As a substantive matter, the nature of the debate over the Affordable Care Act has changed dramatically. The politics are changing right with it.
A woman holding a sign in support of the Affordable Care Act is seen as President Barack Obama's motorcade returns to his vacation compound from the gym at Marine Corps Base Hawaii on December 29, 2013 in Kaneohe Bay, Hawaii.
A woman holding a sign in support of the Affordable Care Act is seen as President Barack Obama's motorcade returns to his vacation compound from the gym at Marine Corps Base Hawaii on December 29, 2013 in Kaneohe Bay, Hawaii.
As a substantive matter, the nature of the debate over the Affordable Care Act has changed dramatically in just the past few weeks. On every metric that matters -- enrollment data, rate of uninsured, systemic costs, premiums -- there's been quite a bit of news, and all of it's heartening for those hoping to see the American system succeed.
 
But as the substance changes, the politics and broader impressions are changing with it. Democrats who were expected to avoid "Obamacare" at all costs as a campaign issue are starting to do the opposite. And Beltway media that talked up ACA peril is now conceding the system is "making a pretty impressive run."

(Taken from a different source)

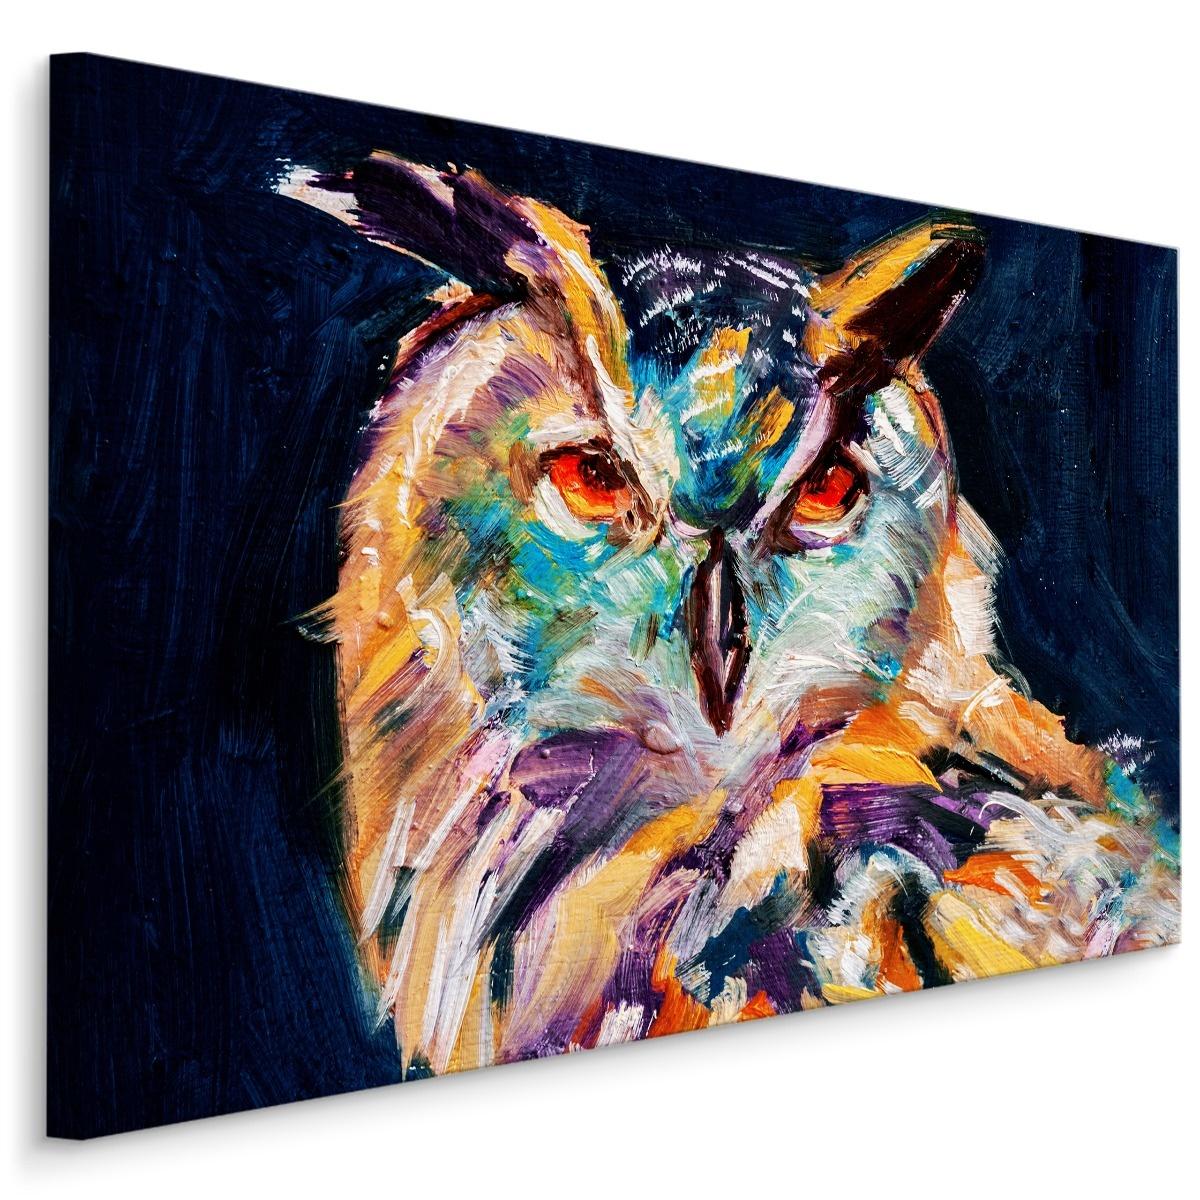 Schilderij - Geschilderde uil, print op canvas, 4 maten, scherp geprijsd, wanddecoratie -  1 luik - 90x60 cm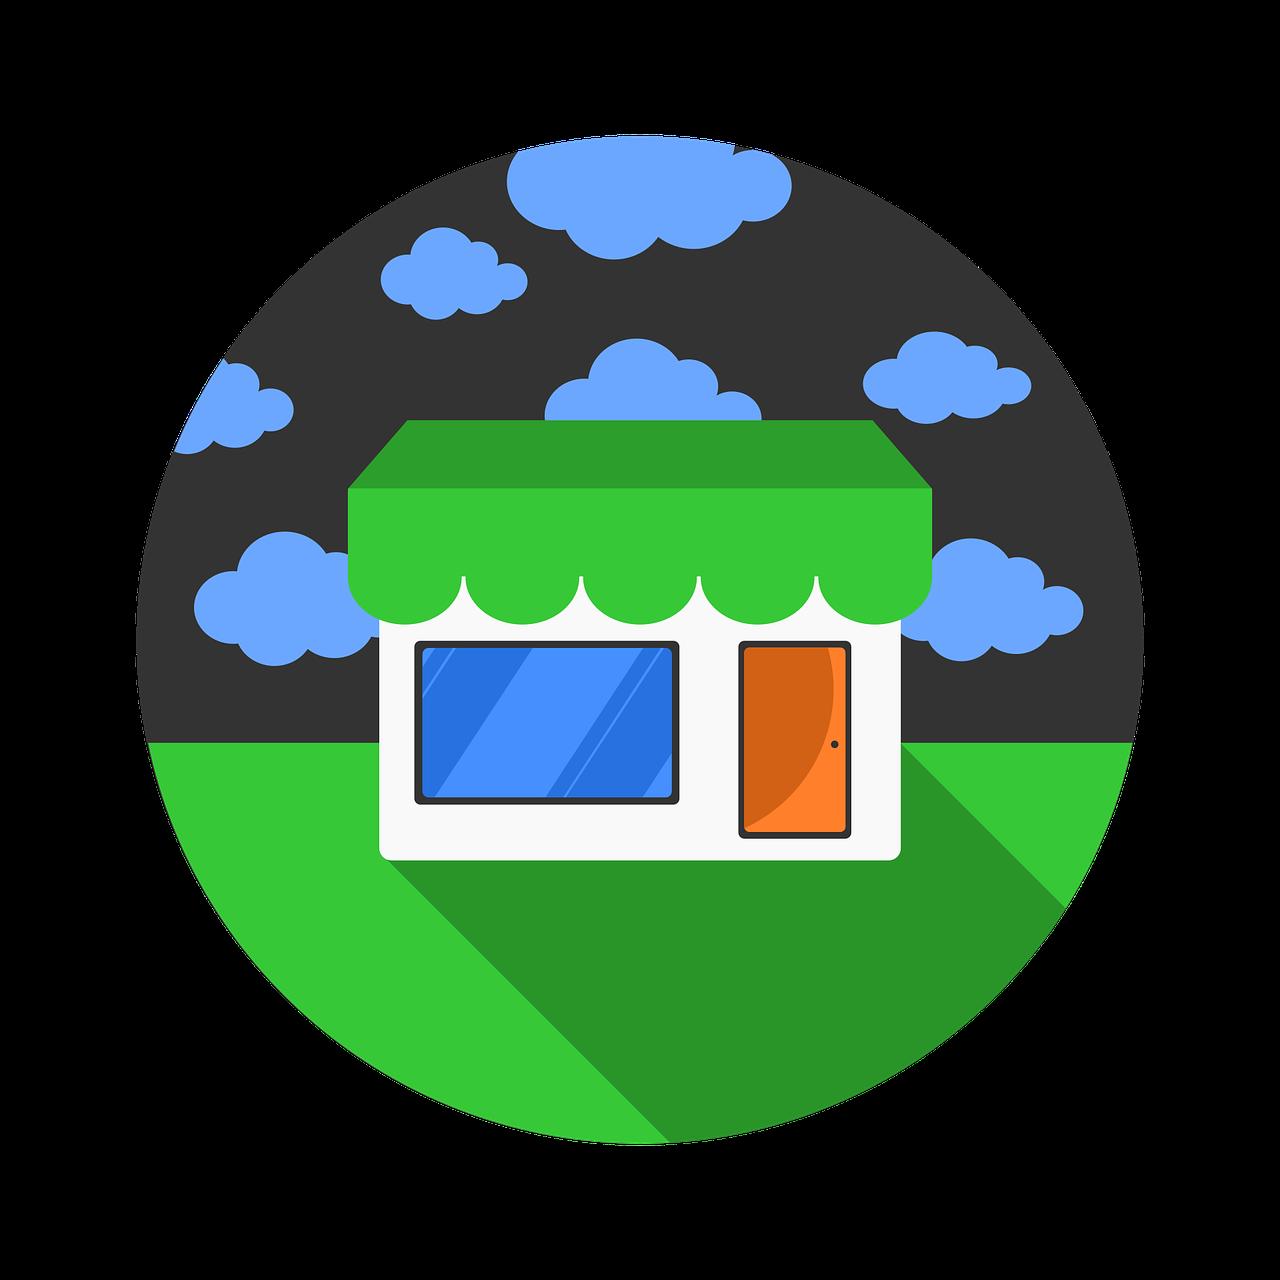 Online kopen en verkopen (o.a. Marktplaats)

The headlines about the Affordable Care Act have turned positive lately, and they're starting to pile up. The most dire predictions from the law's critics simply haven't panned out, and now Democrats are headed into another big health care fight -- the confirmation of a new Health and Human Services secretary -- with stronger real-world evidence than they've had before. There's important information we still don't have about enrollment, and big risks loom on the horizon. Things could change. But right now, the tide seems to be turning in the White House's favor. Narratives feed on themselves, and there was a time when Obamacare just kept losing.... But over the past few weeks, the news has started to roll in the other direction.... Now it's good news snowballing, and it's critics who increasingly seem to have missed the mark with their warnings of inevitable collapse.

So much for the "death spiral."
 
It's against this backdrop that House Majority Whip Kevin McCarthy (R-Calif.) issued a brief report this morning, as part of the "House Obamacare Accountability Project." (House Republicans have actually created a formal project with its own name for their initiative to root for ACA failure.) The 1,100-word piece intends to "debunk" the encouraging news of late, but McCarthy's indictment doesn't actually disprove anything. It asks some questions and repeats some old, bogus talking points, but for those who've followed the debate closely, it's surprisingly pretty easy to debunk the House GOP's attempted debunking.
 
With this in mind, it's probably time to start thinking more about "Obamacare Derangement Syndrome."
 
Back in October, Ezra Klein published a brutal piece blasting the "Obamacare disaster," saying at the time that the system was a "failure." At the time, conservatives decided they loved Ezra Klein.
 
Last week, however, he wrote that HHS Secretary Kathleen Sebelius' resignation was deliberately timed to coincide with all of the Affordable Care Act's successes. And it was at this point that the right suddenly decided they hate Ezra Klein.
 
Reading the over-the-top tirades about Ezra's accurate assessment, it was hard not to notice that Republicans weren't actually raising specific concerns. Rather, Ezra had said the ACA is working, and conservatives responded as if the very idea was ludicrous because, well, just because. Obamacare must be failing because it's Obamacare, they said, as if the ACA name and failure were inextricably linked for eternity.
 
He followed up this week:

Republicans used to talk about Bush Derangement Syndrome.... Today, the right struggles with Obamacare Derangement Syndrome: the acute inability to see Obamacare as anything but a catastrophic failure that the American people will soon reject. For those suffering from ODS, all bad Obamacare news is good news, and all good Obamacare news is spin. In this world, delays of minor provisions in the law prove that the entire structure is collapsing, while surges of millions of people enrolling in insurance don't prove anything at all. ODS has kept Republicans from updating their mental model of how Obamacare is doing. The law's disastrous rollout proved that it was doomed. The fact that it recovered beyond anyone's expectations -- literally, not a single analyst or policymaker I spoke to in December thought it credible that the exchanges would sign up 7 million by April, much less 7.5 million -- hasn't made much of an impression.

This may work for a while, but it's not a sustainable approach to reality. If you're basing your opinions on a health care system by closing your eyes, sticking your fingers in your ears, and yelling "la la la la," you're probably not well positioned for long-term success.